Alexander v. Rizzo

52 F.R.D. 235, 15 Fed. R. Serv. 2d 331, 1971 U.S. Dist. LEXIS 14879
CourtDistrict Court, E.D. Pennsylvania
DecidedJanuary 27, 1971
DocketCiv. A. No. 70-992
StatusPublished
Cited by3 cases

This text of 52 F.R.D. 235 (Alexander v. Rizzo) is published on Counsel Stack Legal Research, covering District Court, E.D. Pennsylvania primary law. Counsel Stack provides free access to over 12 million legal documents including statutes, case law, regulations, and constitutions.

Bluebook
Alexander v. Rizzo, 52 F.R.D. 235, 15 Fed. R. Serv. 2d 331, 1971 U.S. Dist. LEXIS 14879 (E.D. Pa. 1971).

Opinion

OPINION AND ORDER

JOHN W. LORD, Jr., Chief Judge.

The present action was brought as a civil rights action under 42 U.S.C.A. § 1983 et seq. and seeks, pursuant to 28 U.S.C.A. § 2201, “to have declared unconstitutional, and to preliminarily and permanently enjoin, the deprivation under color of state law of rights, priv[236]*236ileges, and immunities secured to plaintiffs by the United States Constitution.” Complaint p. 3. The gravamen of plaintiffs’ complaint is that as a matter of practice the police department, when attempting to solve major felonies, engages in mass investigatory arrests without having either the consent of the individual or probable cause.

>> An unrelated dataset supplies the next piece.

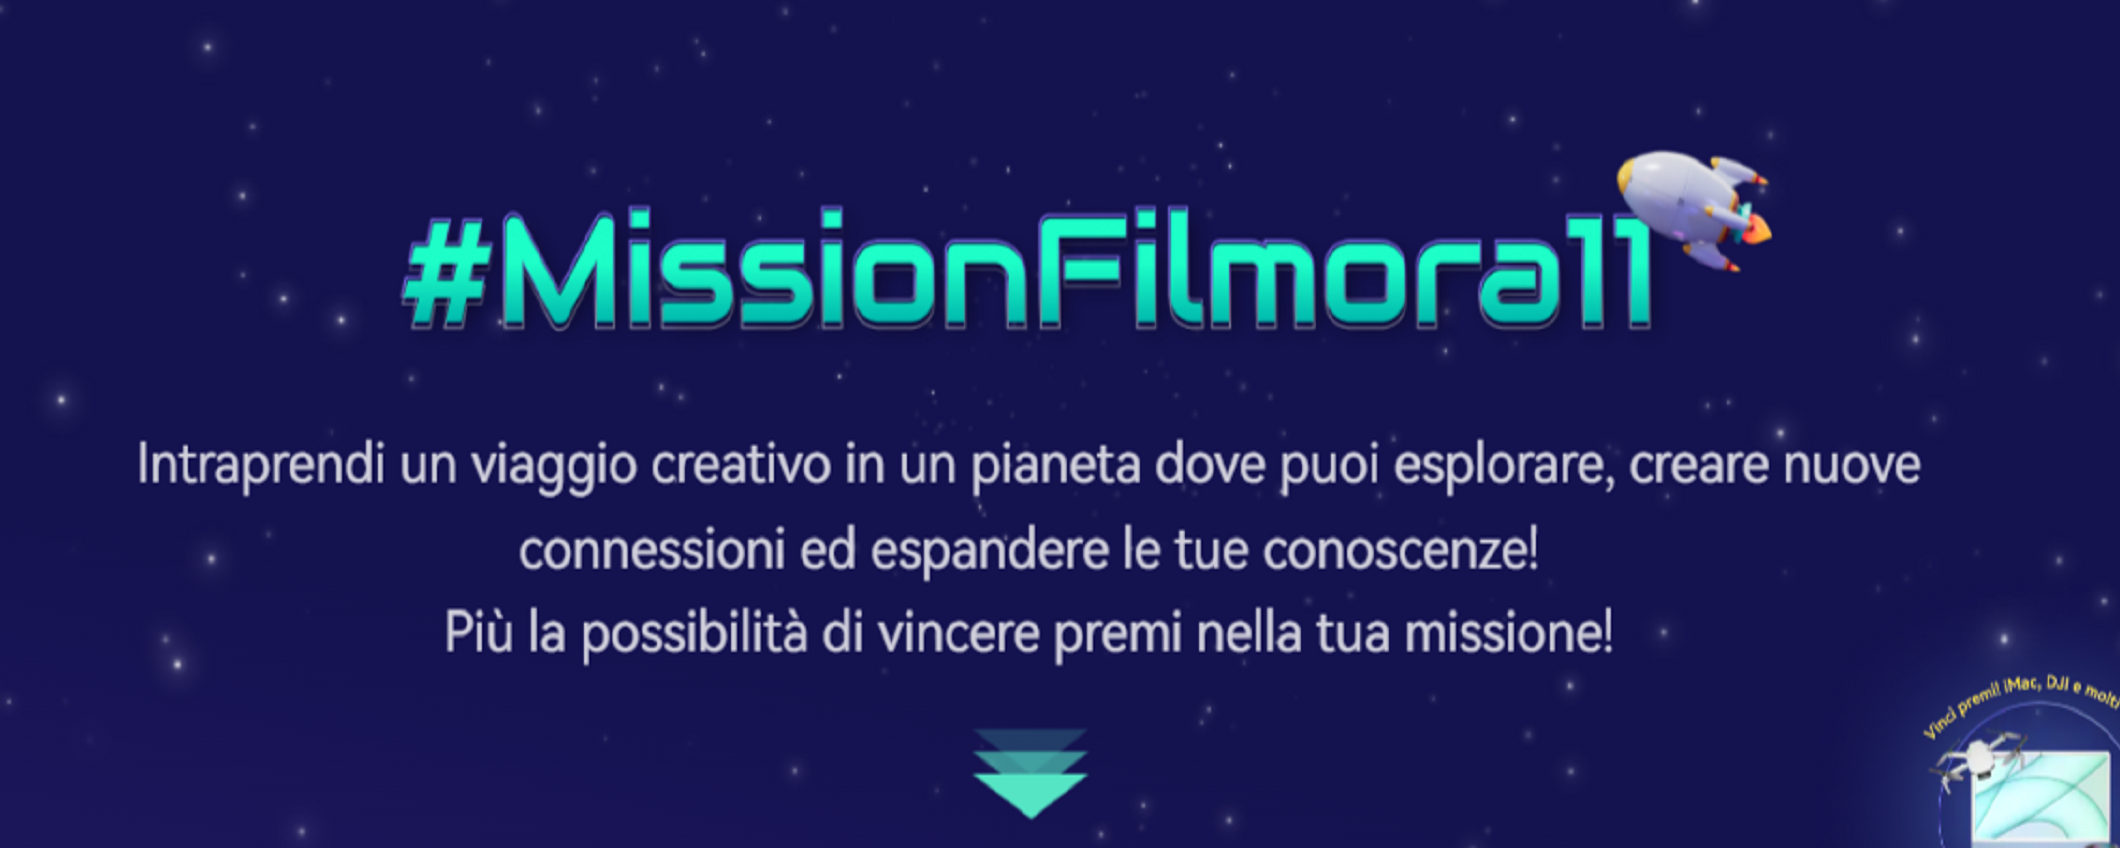 Mission Filmora 11: vinci iMac 2021 e Dji Dronee!

Extensive pre-trial discovery has already taken place. Presently outstanding before the Court are two motions by Community Legal Services, counsel for plaintiffs: (1) a motion under Rule 36 of the Federal Rules of Civil Procedure to determine the sufficiency of the defendants’ answer to plaintiffs’ request for admissions and (2) a motion to compel answers to certain interrogatories propounded by the plaintiffs.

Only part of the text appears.